Against the Grain...

Published Newsletters

Discover Tools, Methods, & Frameworks To Live A Life of Design

Discover Tools, Methods, & Frameworks

To Live A Life of Design

Against the Grain on Self Therapy

Against the Grain on Self Therapy

November 30, 202320 min read

It’s 9pm; the drive is an hour and half. I'm heading home from one of my gyms. Driving has always allowed me to think, and reflect.

On my drive, I got to thinking, I’m 24 years old, making $250k/year as a gym owner. I grew from 1 to 5 locations in 3 years, why do I not feel good enough? Why is it that what I have accomplished is not enough?

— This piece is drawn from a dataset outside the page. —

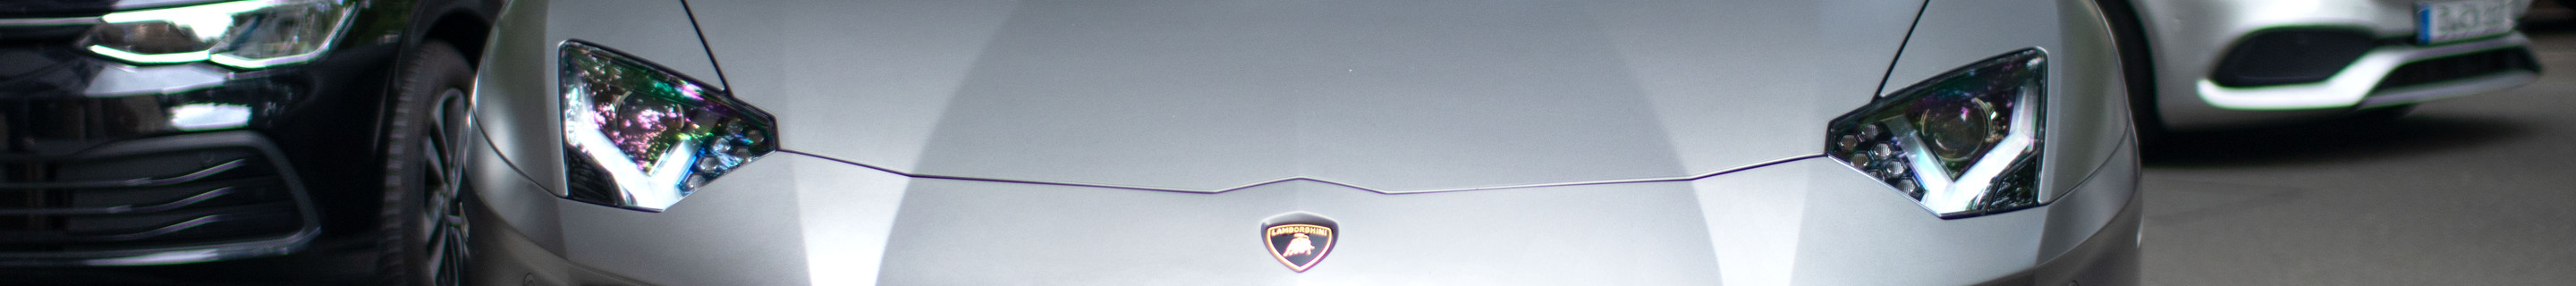 Lamborghini Aventador LP700-4 Roadster Pirelli Edition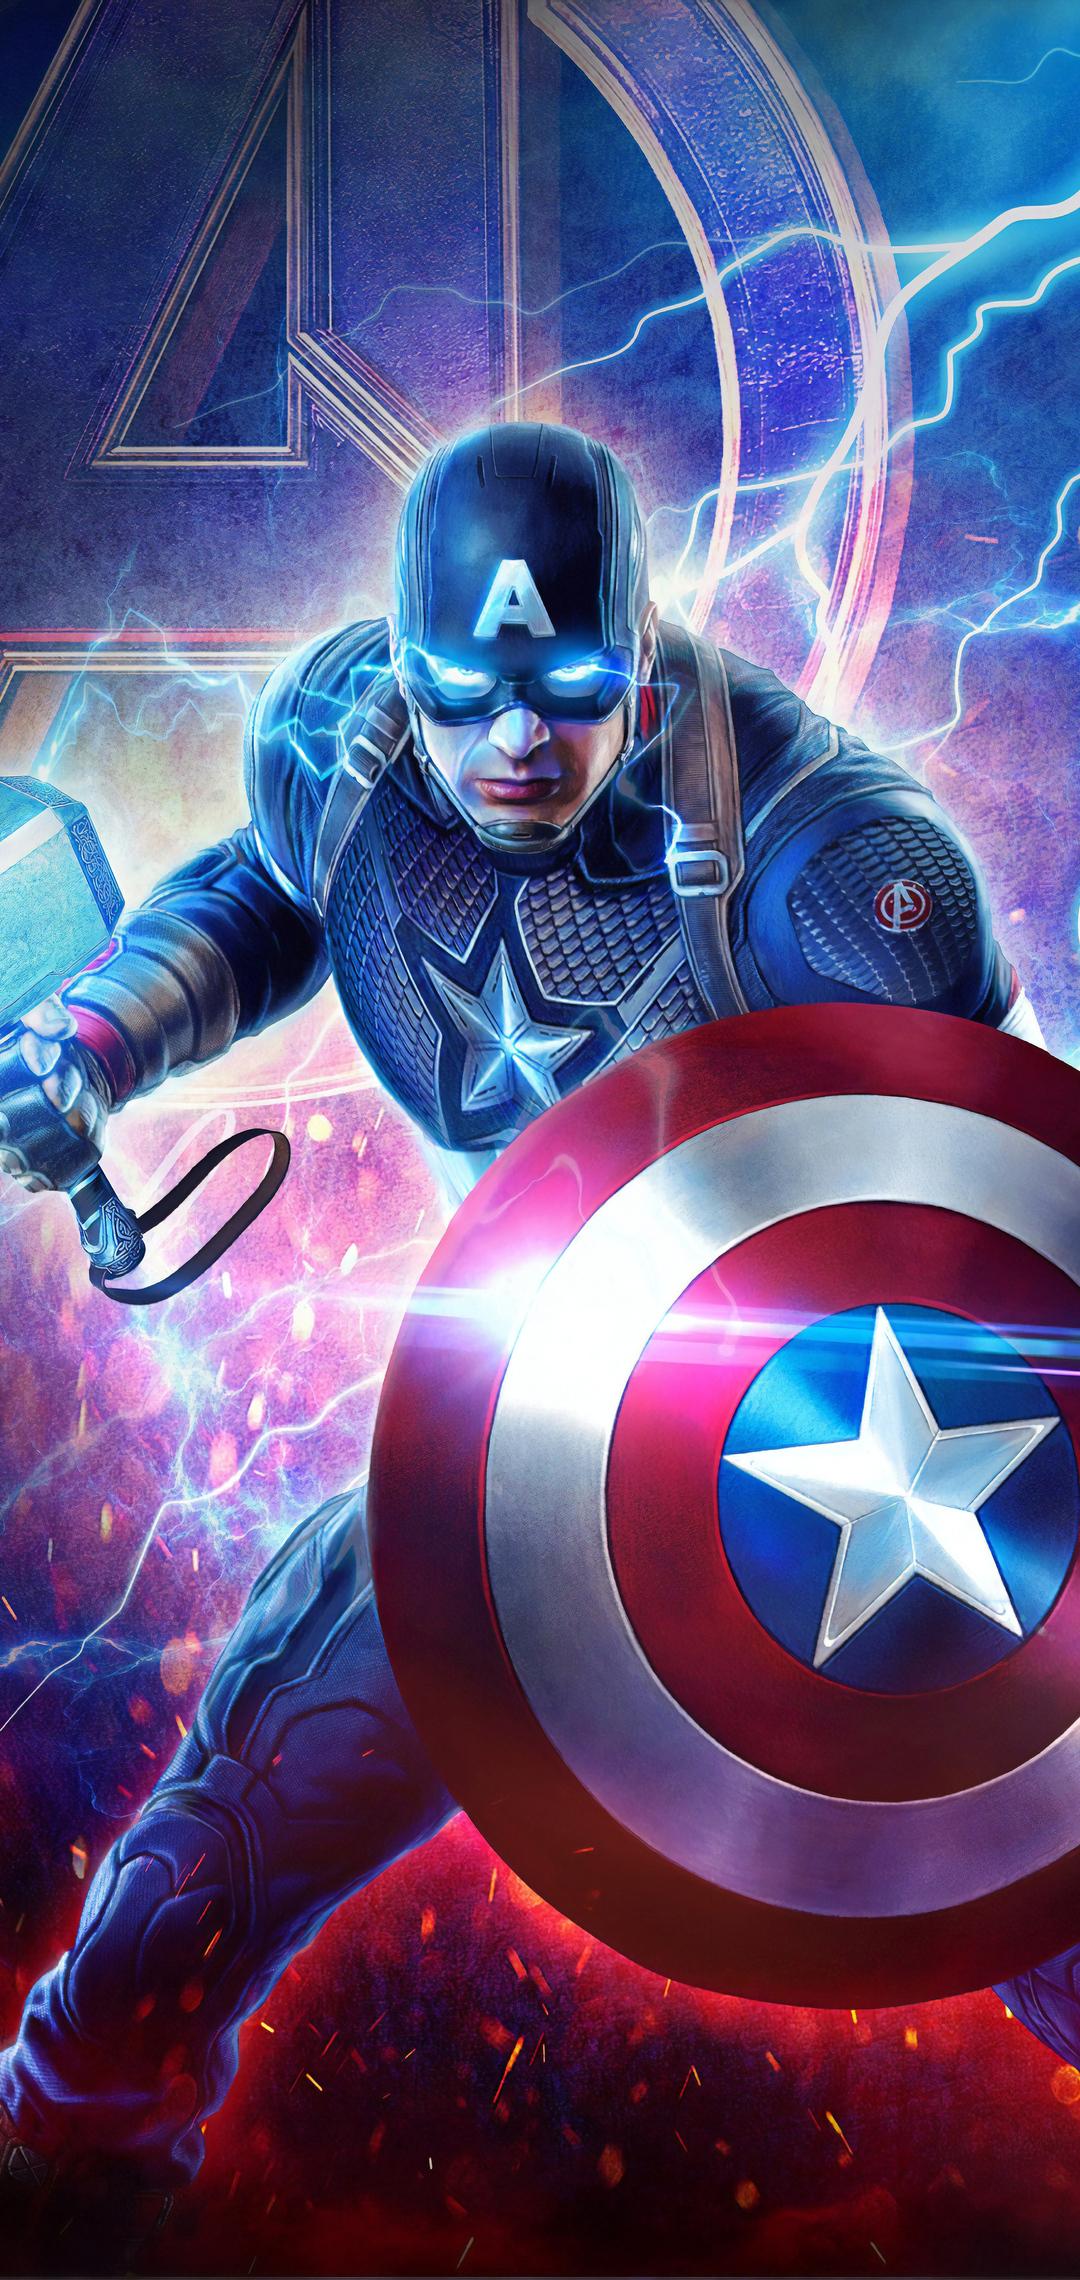 1080 x 2280 · jpeg - 1080x2280 2019 Captain America Mjolnir Avengers Endgame 4k One Plus 6 ...

I told myself that when I make a certain amount of money, I would feel happy. That threshold kept going up yet happiness was nowhere in sight.

It was not just my professional life, my personal life was a mess as well. I kept jumping from one toxic relationship to another. Trying to fix people and help them out, which later I realized was because (1) I have always been a caretaker, and (2) I thrive in chaos & turmoil and when there is none I find it or create it.

On top of that I had no sense of emotional regulation, reacting to everything around me and letting my emotions run the show. To say I was in a dark place emotionally was an understatement.

This state was not new to me, I had been in this place before, 4 years ago. Where the internal pressure and noise was so much that I used adrenaline as an escape. Which caused me to flip a car off the side of the canyon.

Want to know the scariest part? Part of me secretly wished I had not lived after that. This time I had no adrenaline escape. This time I had to face all the angst that was inside of me, no escaping this time.

I had 2 choices at this point:

1. I could face what was going on internally head on & control it

2. Let it control me and let me spiral down into a dark abyss

By some miracle I chose the first option, how I don’t know to be honest, could be from blind luck. I found a therapist and started doing weekly sessions.

I had never been to a therapist before. I had never opened up to anyone. Not even myself. Talk Therapy uncovered the deep dark thoughts, limiting beliefs, and epigenetic scars that existed.

The first step in this journey for me was awareness, you can only solve a problem when you’re aware it exists. Traditional therapy (talk therapy) helped me become aware but didn’t give me practical tools to resolve or heal from the internal turmoil I was feeling.

I learned things like “sitting with your emotions” or dealing with certain memories, but not a tactical way to deal with what was going on in my head on a daily basis.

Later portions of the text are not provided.